– Sin duda -asentí.
– Tengo una curiosidad, eso sí.
Había aprendido a valorar las cuestiones que despertaban la curiosidad de Chamorro. Era la persona menos entrometida que jamás había conocido.
– Desembucha, cabo.
– ¿Entra en tus planes considerar la hipótesis de que el concejal, aunque le hayan absuelto, sea el asesino?
Sonreí.
– Me defraudas horriblemente, Virginia.
Mi compañera dio un respingo.
– ¿Por qué?
Me tomé mi tiempo, para crear en ella la expectación adecuada. Plegué la mesita (ya no debía de faltar mucho para el aterrizaje) y coloqué el libro en la bolsa de tela del respaldo del asiento delantero, no sin antes marcar con la tarjeta de embarque la página en la que había interrumpido la lectura.
– Verás -dije-, resulta indudable, desde el punto de vista procesal, la dificultad de imputar a quien ya ha sido absuelto en un juicio previo. El procedimiento para ello es excepcional, farragoso y de sus pormenores no estoy al corriente porque no soy abogado ni las cuestiones abogaciles me parecen el mejor pasatiempo en el que empeñar mis menguantes neuronas.

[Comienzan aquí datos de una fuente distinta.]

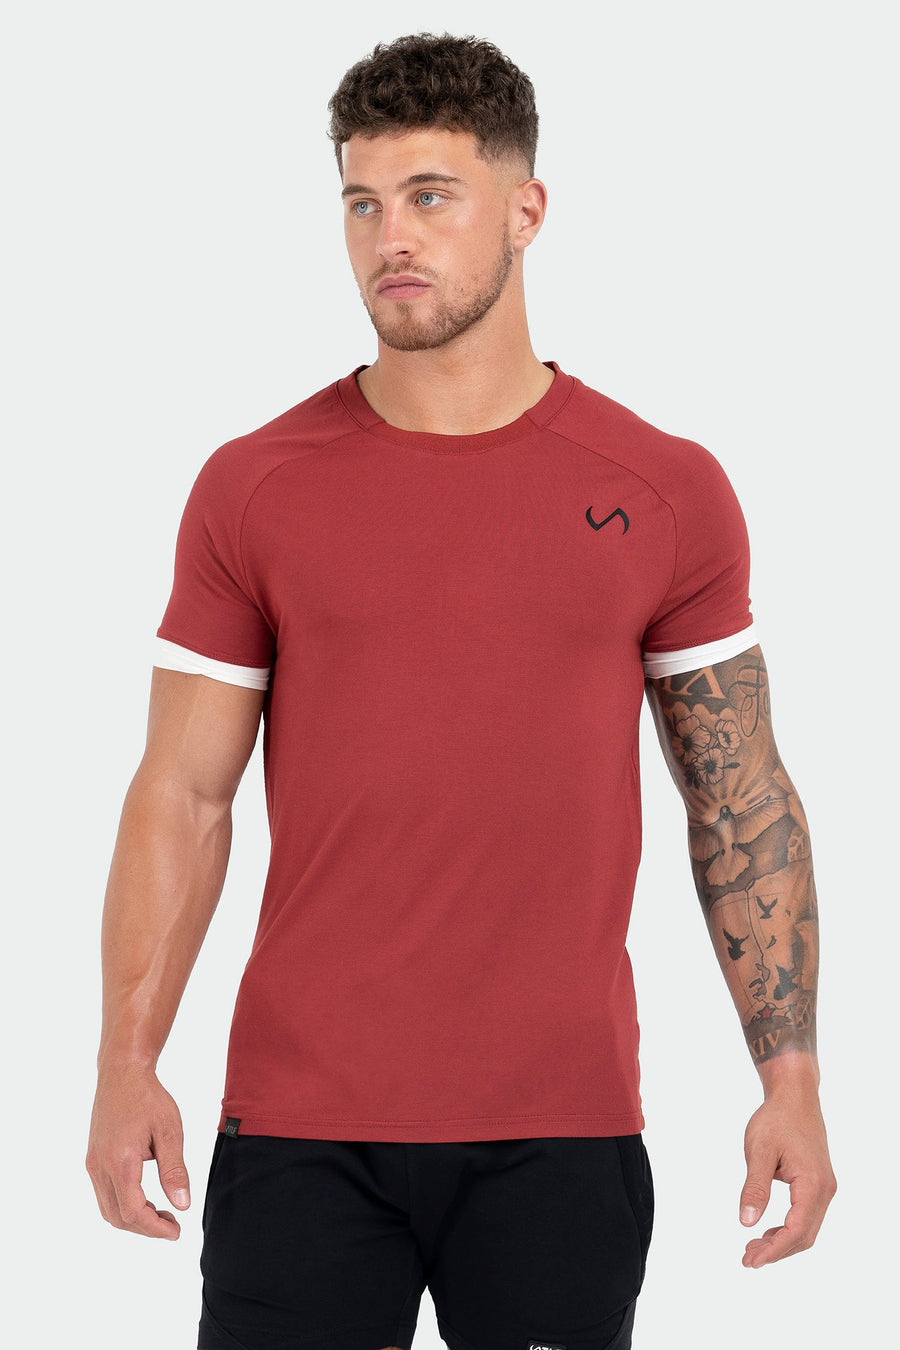 TLF Air-Flex Classic Tee - Mens Raglan Shirt - Red - 1

Chamorro me observaba con reticencia.
– Sentado lo anterior -proseguí-, debo confesarte que, personalmente, los problemas procesales me traen al fresco. Lo que intento es encontrar la verdad, o algo que se parezca de forma coherente a la verdad. Luego el fiscal hará con ella lo que tenga que hacer, por el camino que tenga que seguir, fácil o difícil, eso es su problema. Y como ya sabes, tengo mis dudas de que al final de todo se haga eso que algunos, cándidamente, llaman justicia. Si las cárceles donde se almacena el desecho o los tribunales donde se lo etiqueta son máquinas de fabricar justicia, yo soy el hada Campanilla.
– Sí, eso ya te lo he oído antes -replicó Chamorro-. Y como siempre que te lo oigo, me pregunto por qué sigues haciendo este trabajo.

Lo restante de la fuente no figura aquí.